Adeline Hotel – Whodunnit

29,00

12″ Gatefold Vinyl

Dan Knishkowy has never written a song like “Whodunnit.” With his acoustic guitar dropped to a deep, open tuning, the Brooklyn artist noticed a fragile melody resonating from the strings, stretching out like a neverending highway. The lyrics followed suit, emerging in a series of intimate and escalating verses almost effortlessly while he played. Delivering the words in an inquisitive hum, Knishkowky soon found himself addressing the profound, lingering questions that would become the core of his latest album, Whodunnit, the most striking and ambitious record he has ever released.

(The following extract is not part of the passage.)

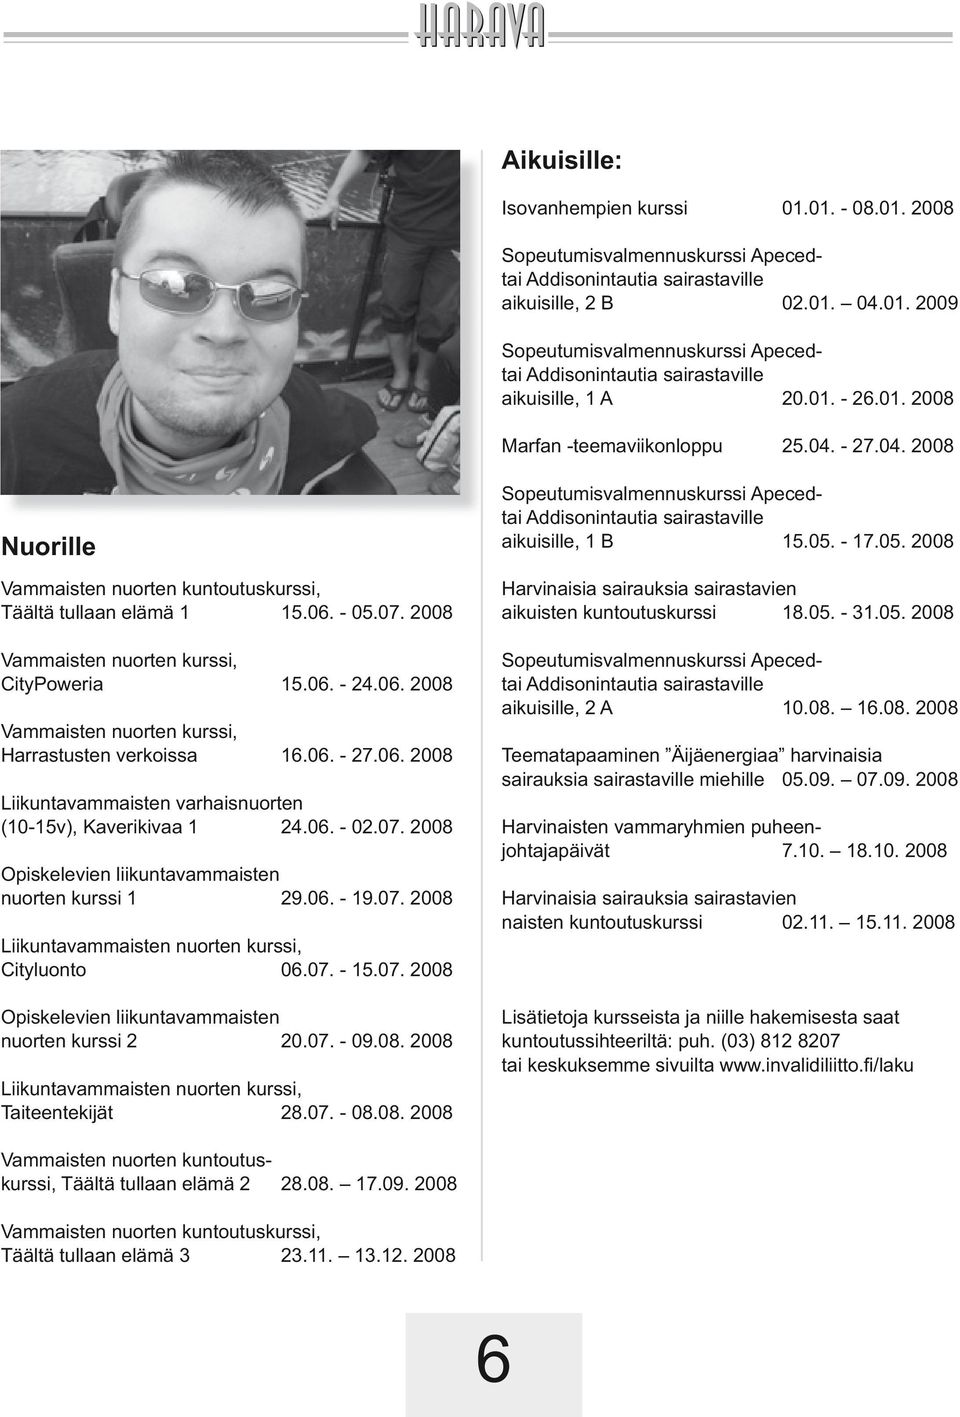 06. 2008 Vammaisten nuorten kurssi, Harrastusten verkoissa 16.06. - 27.06. 2008 Liikuntavammaisten varhaisnuorten (10-15v), Kaverikivaa 1 24.06. - 02.07.

Inspired by indie lifers and fellow world-builders like Jim O’Rourke and Phil Elverum, the Ruination Records co-founder has rewritten the rule book with each new project, inviting listeners to join as he discovers new channels for his singular voice. By now the sound of Adeline Hotel is equally identifiable through Knishkowy’s dextrous fingerpicking—the aural equivalent of tracing your fingers through cool sand at sunrise—as his low, whispered vocals and autumnal melodies. As soon as he began writing the material for Whodunnit, a few things seemed instantly clear about his new direction. Imagine Neil Young’s On the Beach cast in the twilight colors of John Martyn’s Solid Air, or Gillian Welch’s Time (The Revelator) as interpreted by the stream-of-consciousness players on Van Morrison’s Veedon Fleece. Whodunnit flows as if in a trance, pulling you closer to the heart with every word, every note. Writing about the end of a marriage, Knishkowy refused the bitterness and brutality often associated with the breakup genre in favor of a kind of cosmic curiosity. These are songs full of space and silence, recurring images and textures, openness and grace. They are also among the most immediately affecting in his vast songbook. On previous Adeline Hotel records, Knishkowy cast his voice as a melodic texture interwoven with his visceral, dynamic guitar licks. Here he commands the room, even with a whisper: a fitting delivery for a set of songs where the action tends to occur in moments of crushing isolation and disconnect. “Even though I was going through something that was objectively hard, I didn’t feel lonely,” Knishkowy reflects of the transitional period in his life that inspired the record. “I was being freed to find myself, to build my own connection with the world that had been lost.” It was this sense of gratitude that led him to open the record with a simple question: “How Did I Get So Lucky?” Even when the lyrics touch on alienation and loss—when a requisite encounter with a waitress spirals into an existential tailspin, when the intricacies of fading love resemble the scattered clues in a grim detective story—Knishkowy maintains a tone of optimism, a sense of hope in our potential to start again and know ourselves better. He understands he is not the only traveler on this road, and Whodunnit will be a treasured companion for those of us seeking comfort on our own journey.

 

“Catarsis never sounded so beautiful”
Pop Matters 8,0

 

“Taking a whimsical and meditative approach to the breakup album, Dan Knishkowy makes the end of a marriage sound unexpectedly healing.”